• Raw data:
=== Section Start ===

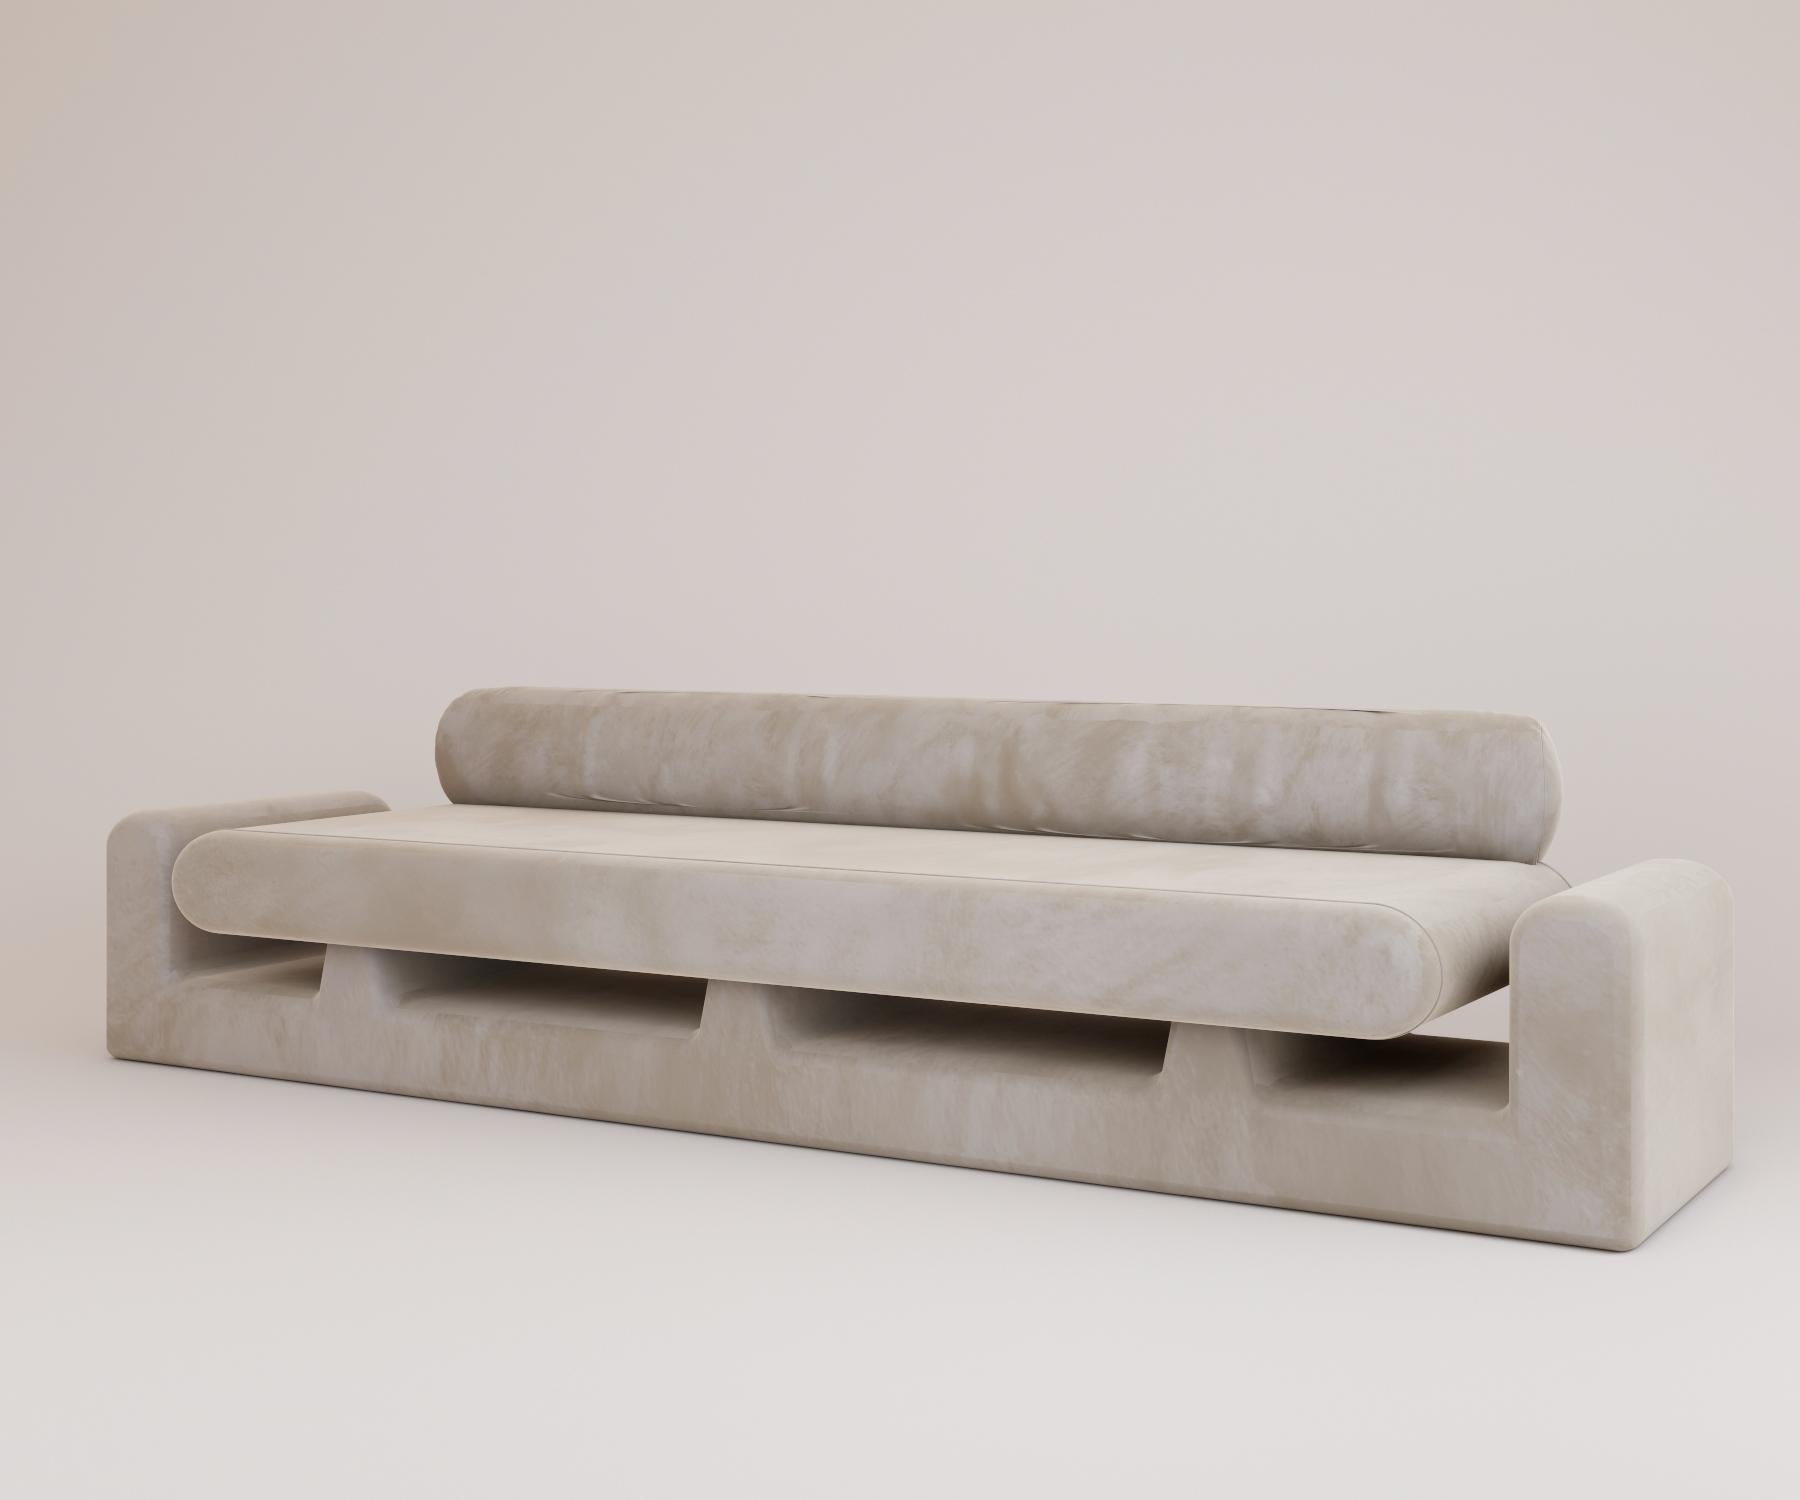 Modern Hug Sofa Upholstered, Chubby Arms by Rejo Studio For Sale
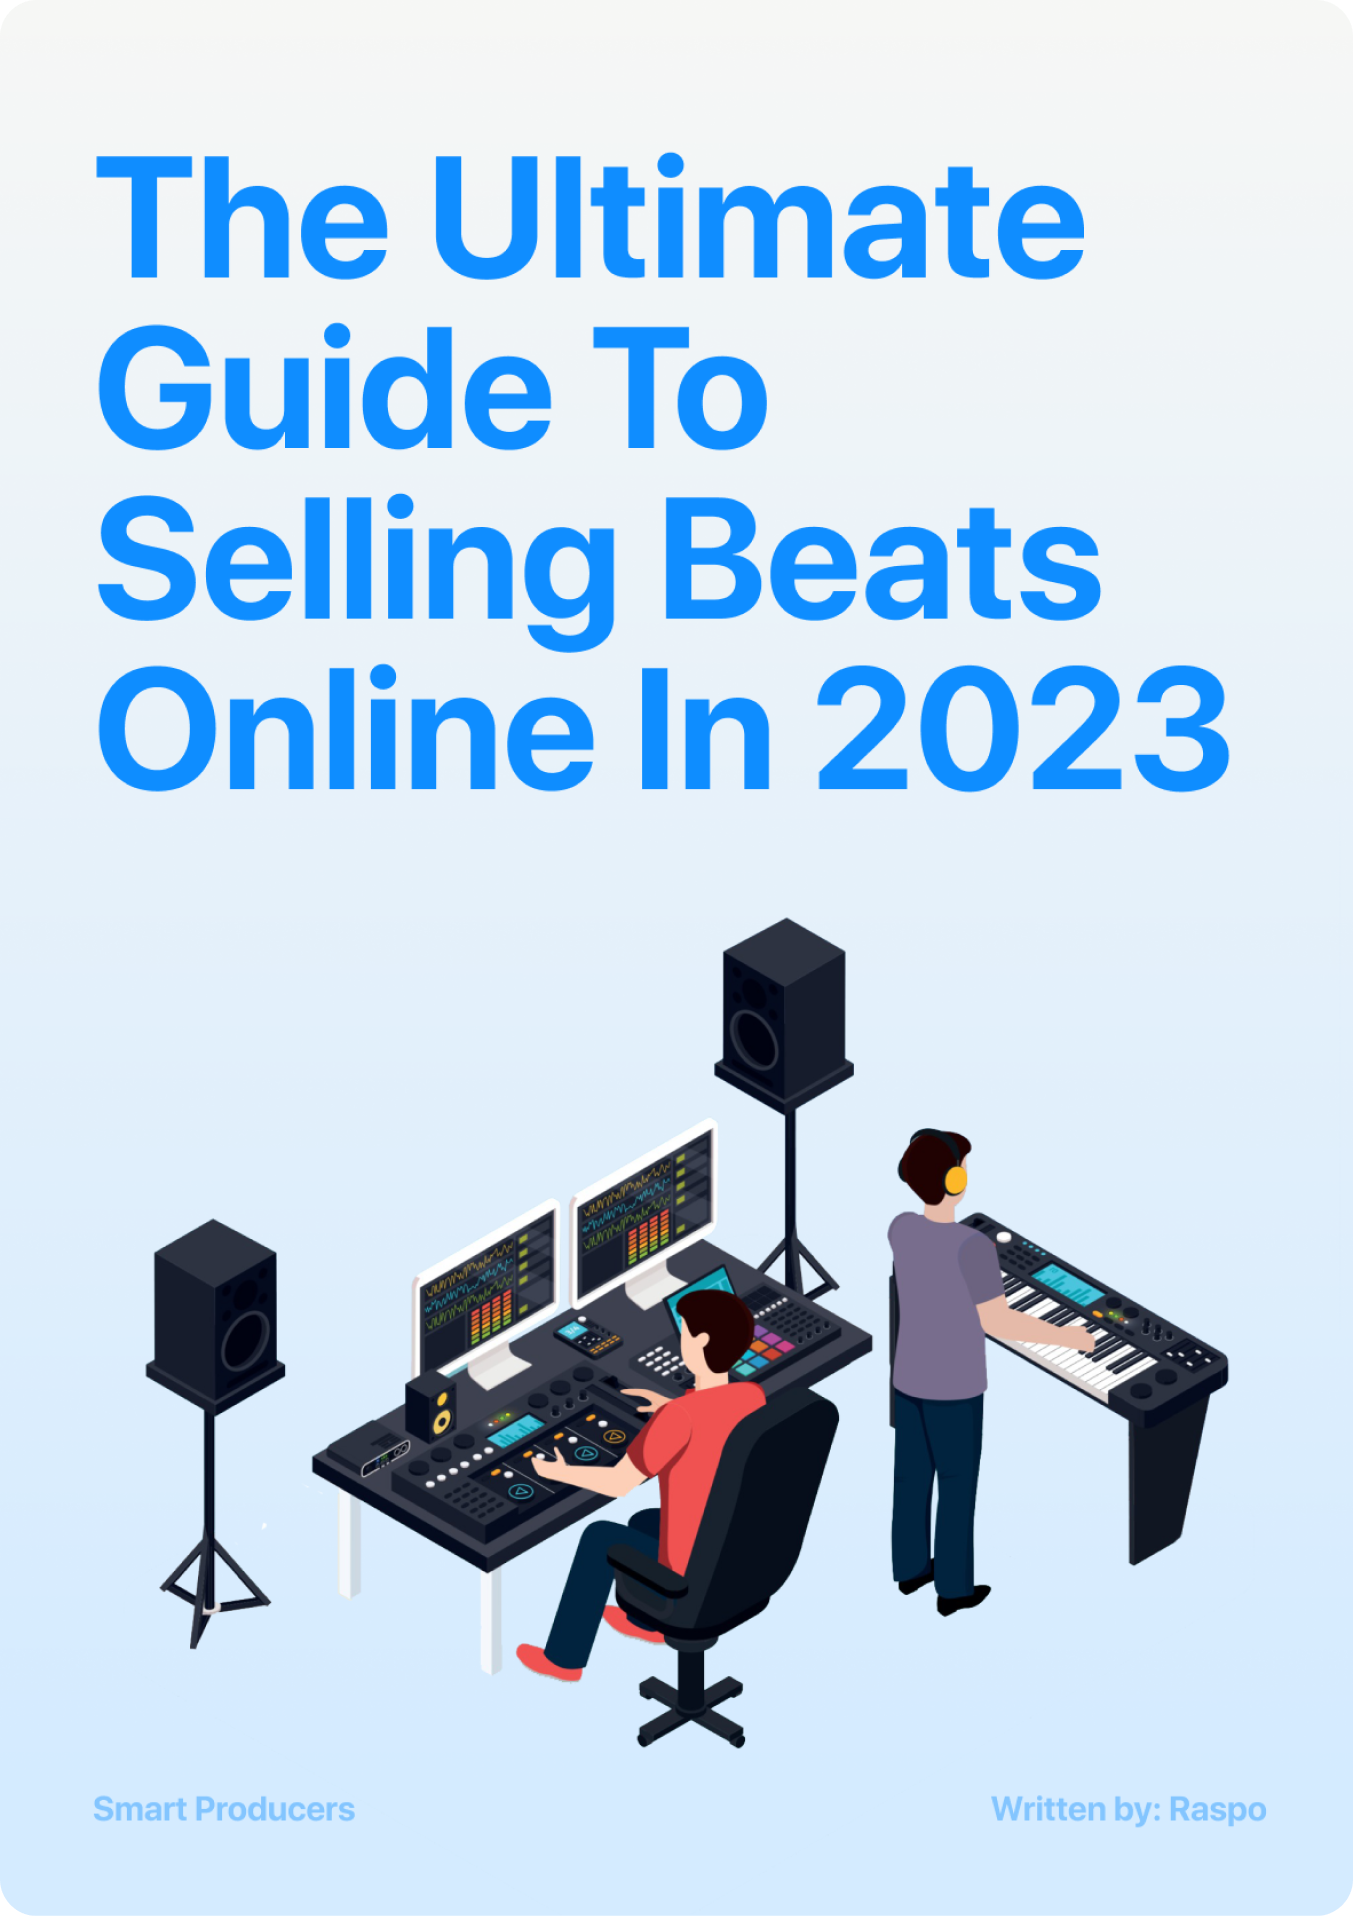 The ultimae guide to selling beats online in 2023
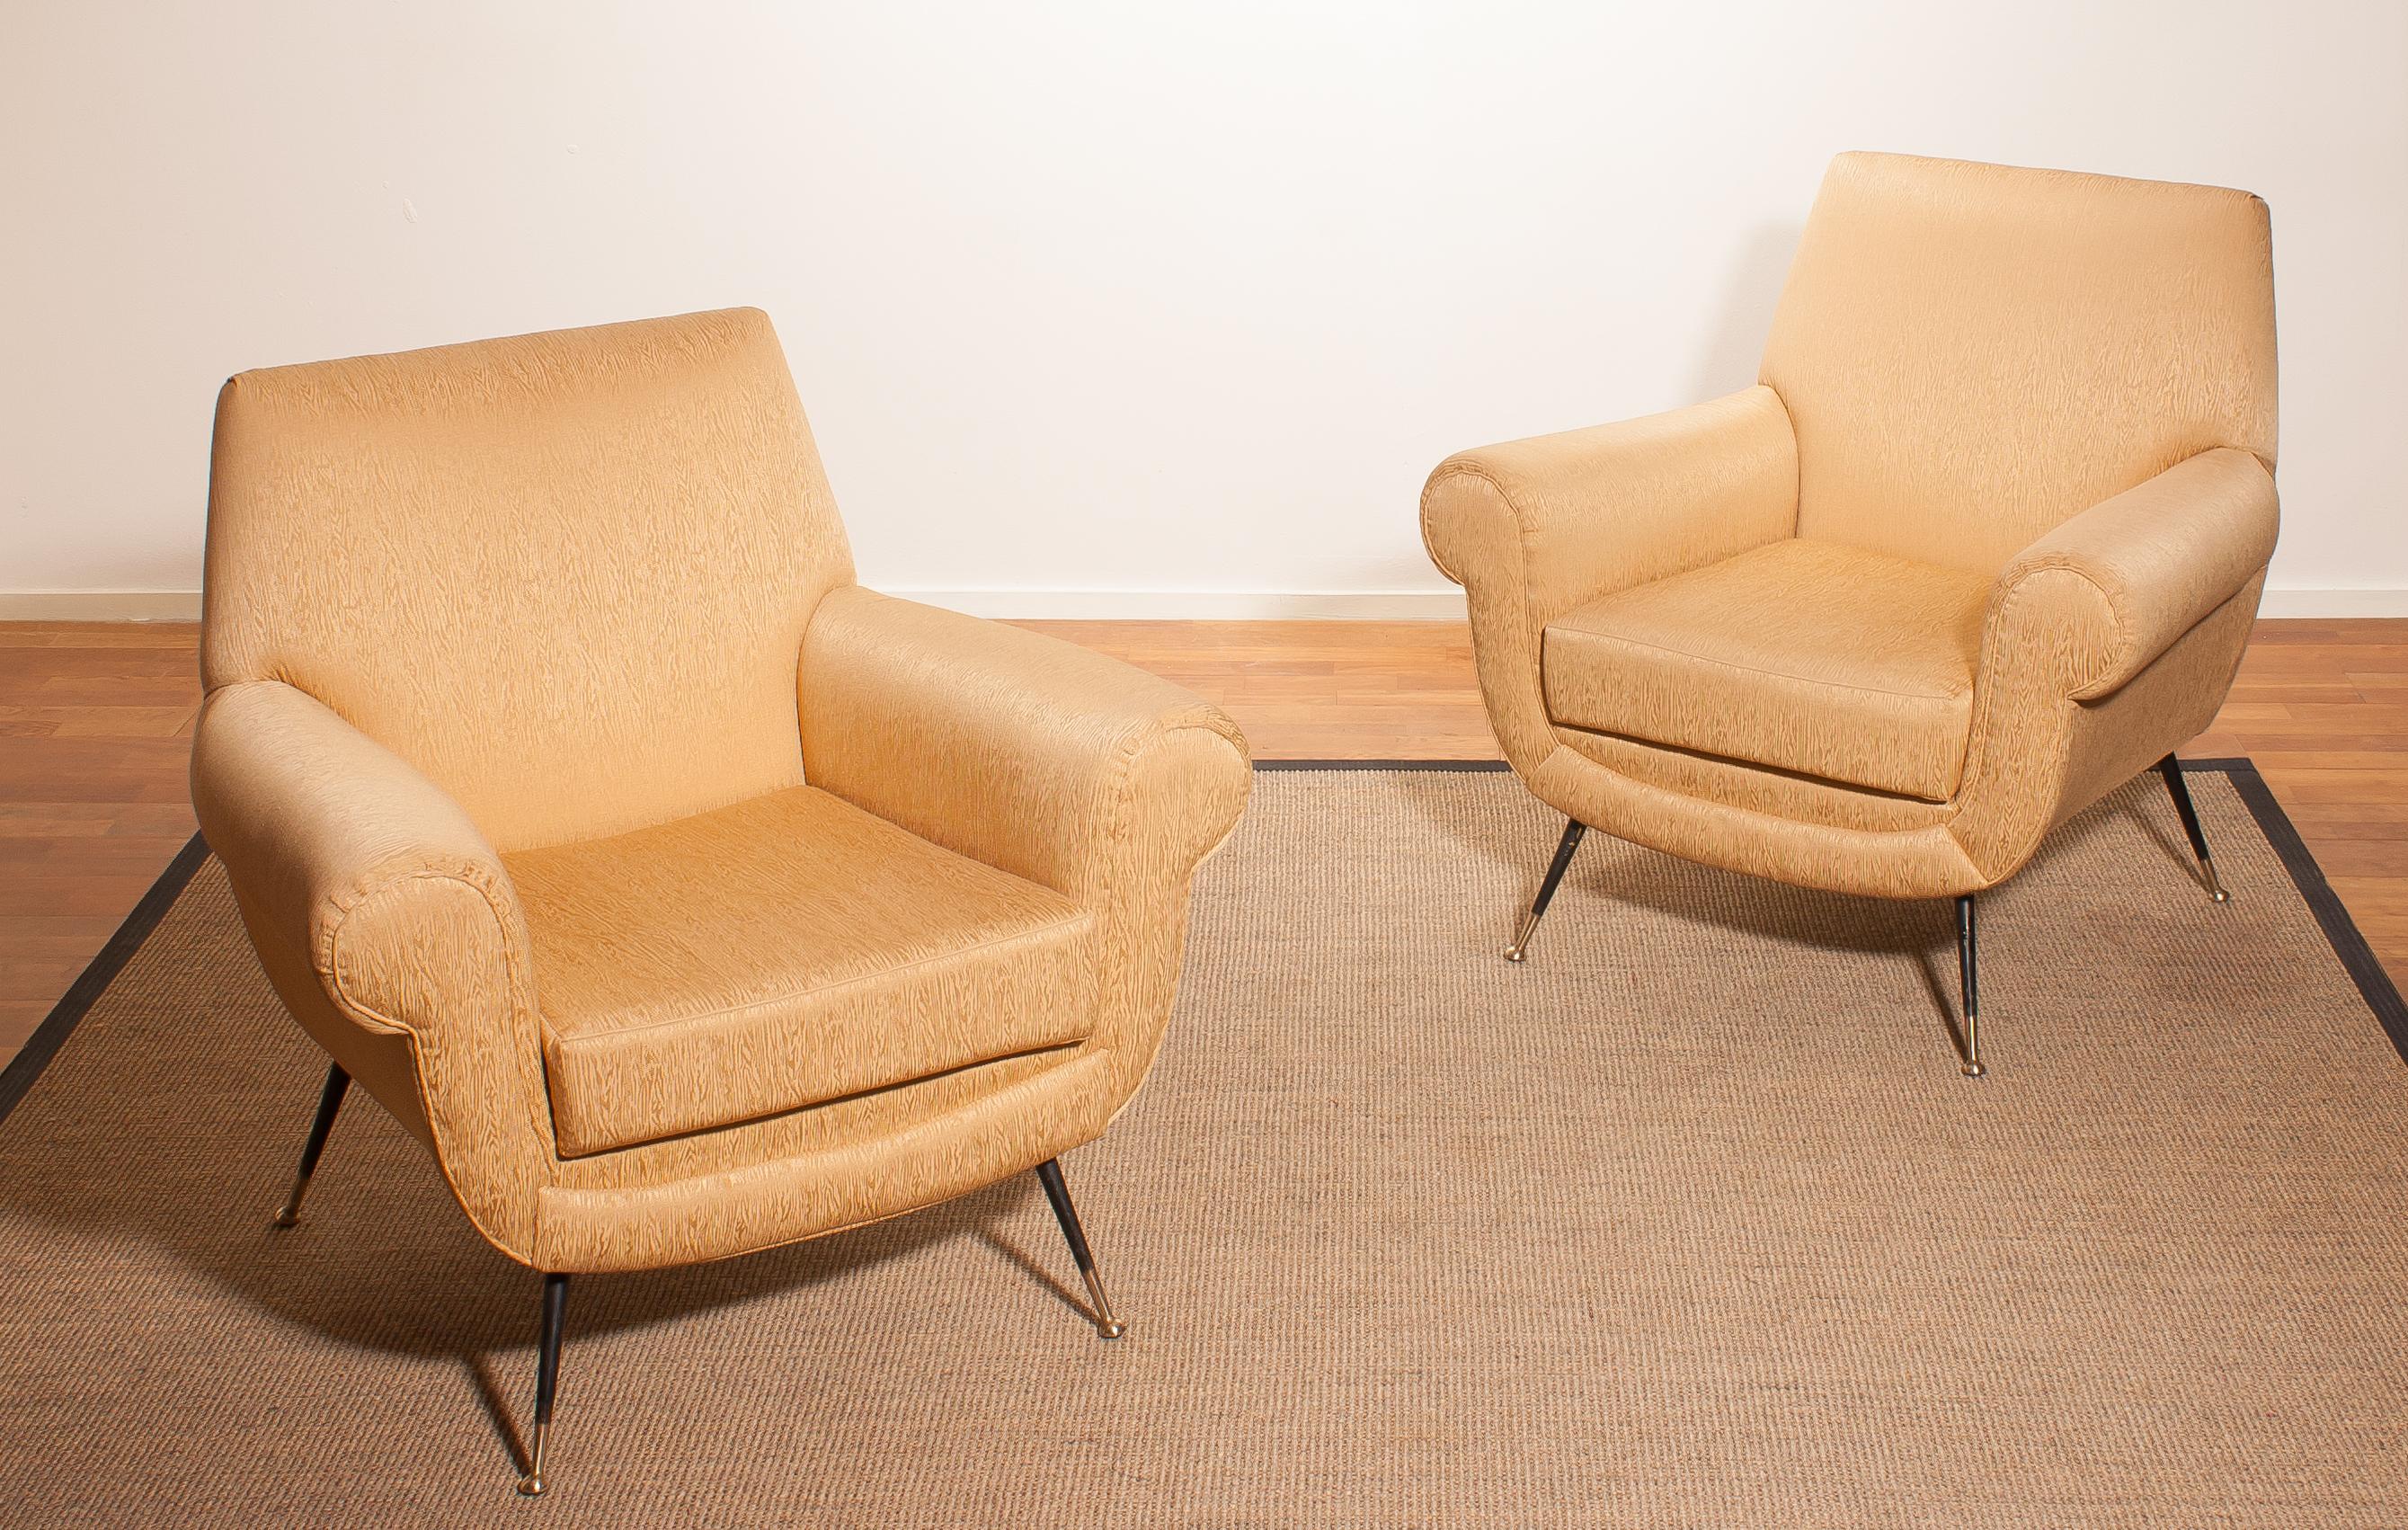 1950s, Brass and Golden Jacquard Set Lounge Chairs by Gigi Radice for Minotti In Good Condition In Silvolde, Gelderland

=== Section End ===

• Task requirements: Write out the listing above exactly, images omitted.

• Task output:
 Modern Hug Sofa Upholstered, Chubby Arms by Rejo Studio For Sale
 The ultimae guide to selling beats online in 2023
 1950s, Brass and Golden Jacquard Set Lounge Chairs by Gigi Radice for Minotti In Good Condition In Silvolde, Gelderland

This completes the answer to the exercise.